# Given information
^^^^^^^^^^^^^^^^
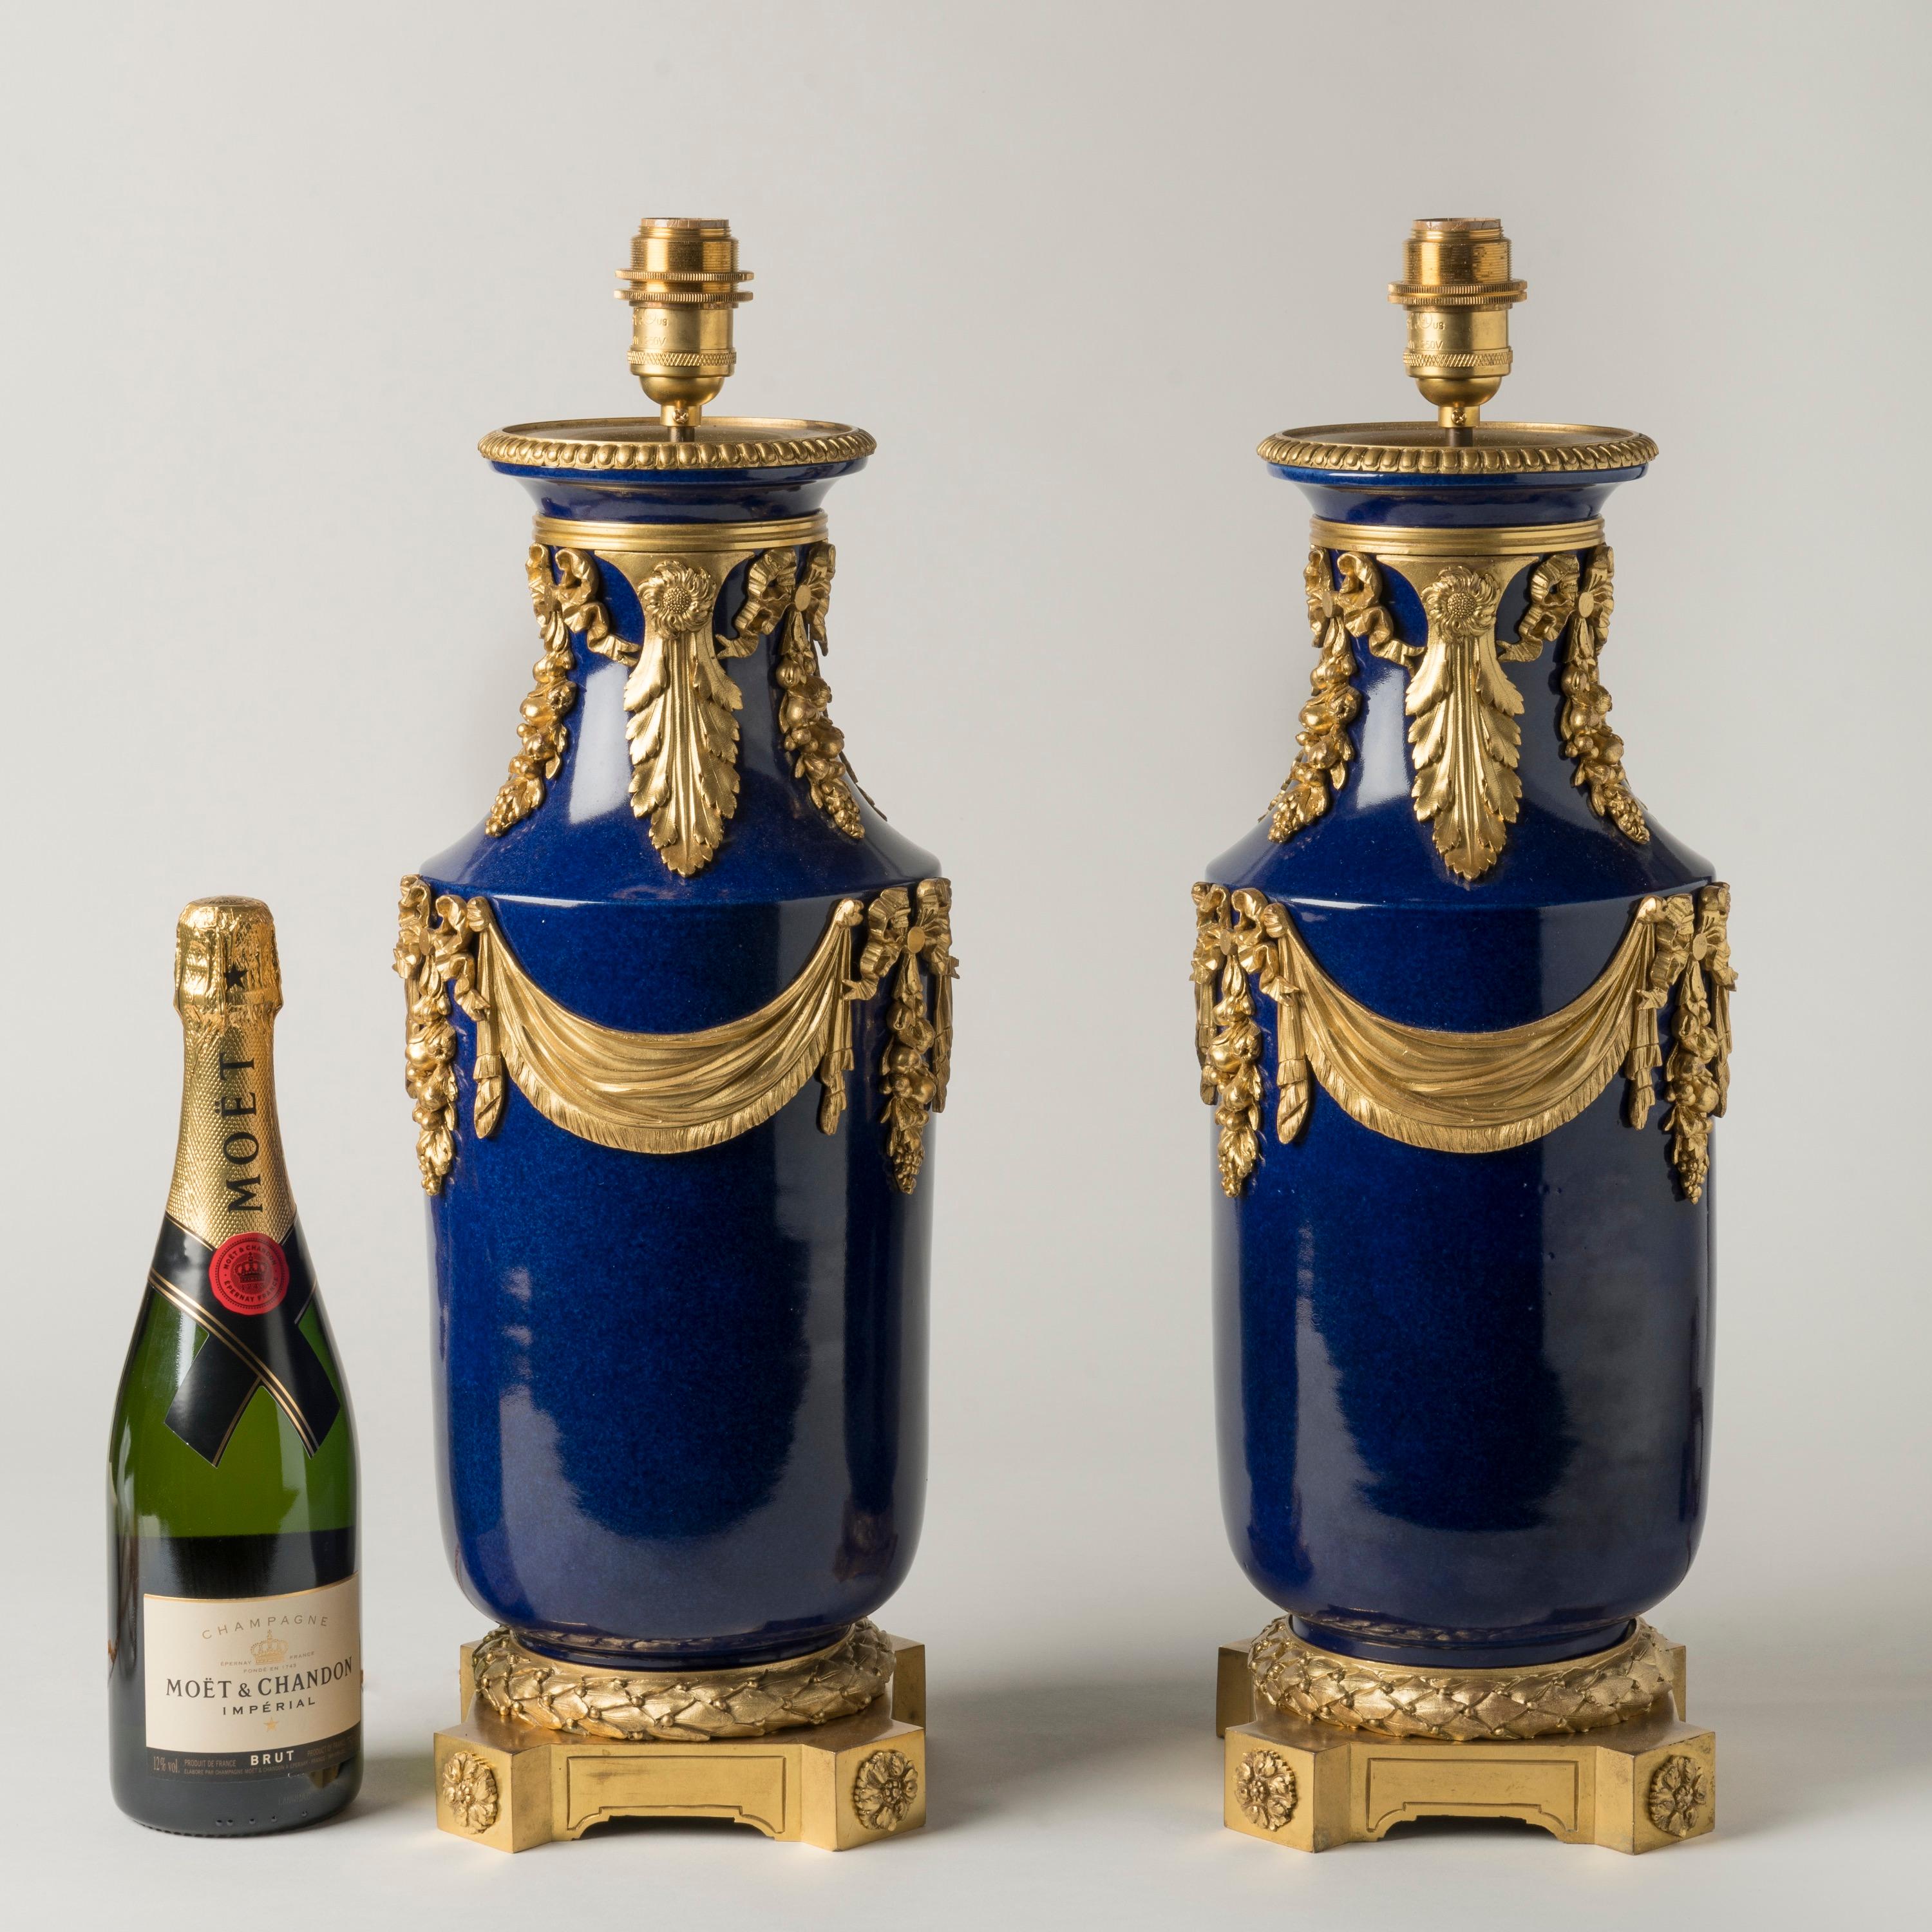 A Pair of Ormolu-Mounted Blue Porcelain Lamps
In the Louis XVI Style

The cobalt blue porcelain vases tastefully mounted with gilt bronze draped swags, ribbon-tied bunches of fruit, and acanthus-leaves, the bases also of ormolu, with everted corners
^^^^^^^^^^^^^^^^
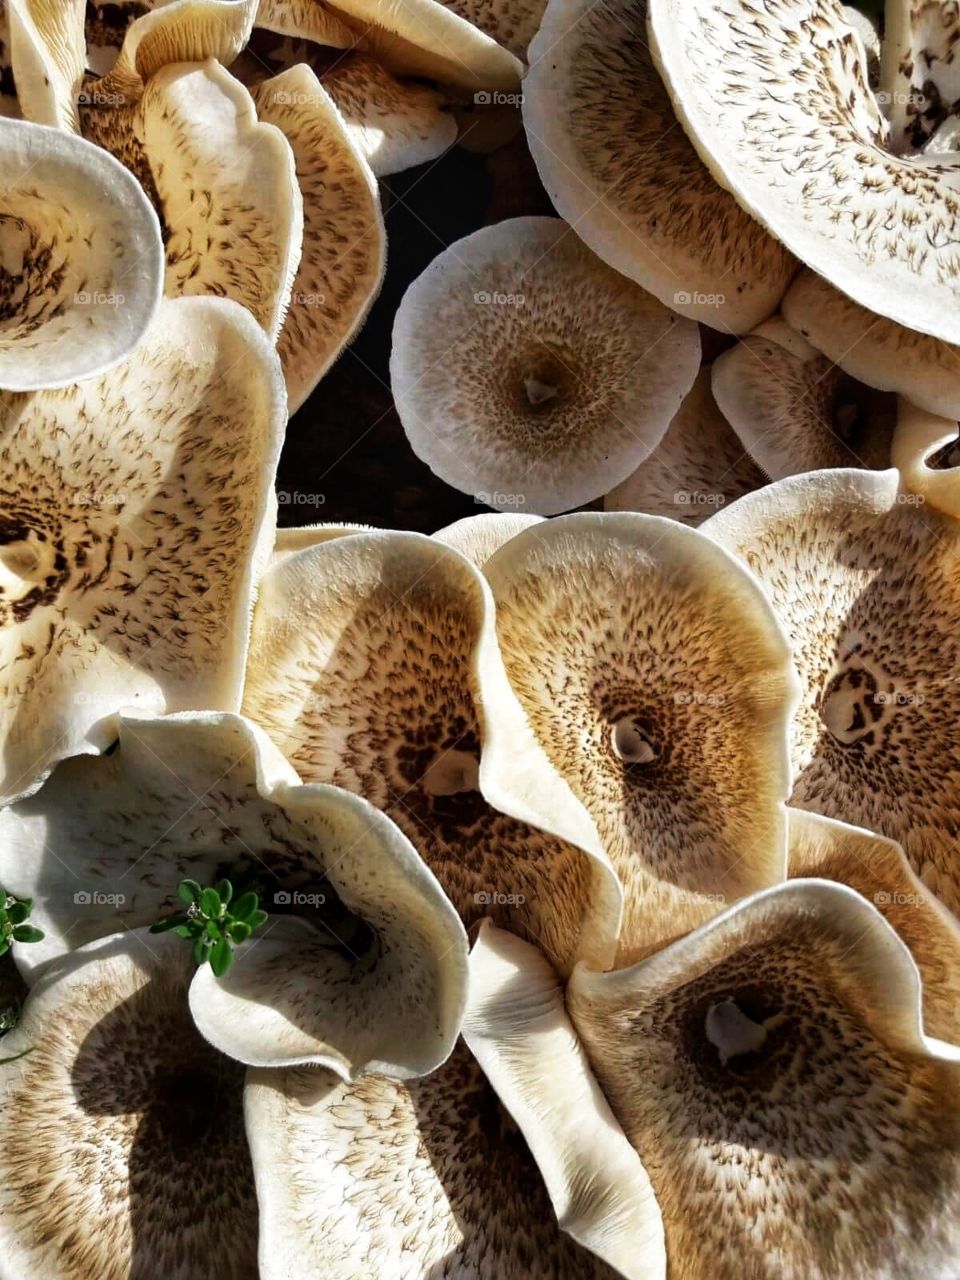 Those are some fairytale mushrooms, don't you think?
^^^^^^^^^^^^^^^^
# What to work on
Restate the lines above from the one containing "A Pair of Ormolu-Mounted" through the one containing "The cobalt blue", inclusive, exactly and without pictures.

# Result
 A Pair of Ormolu-Mounted Blue Porcelain Lamps
In the Louis XVI Style

The cobalt blue porcelain vases tastefully mounted with gilt bronze draped swags, ribbon-tied bunches of fruit, and acanthus-leaves, the bases also of ormolu, with everted corners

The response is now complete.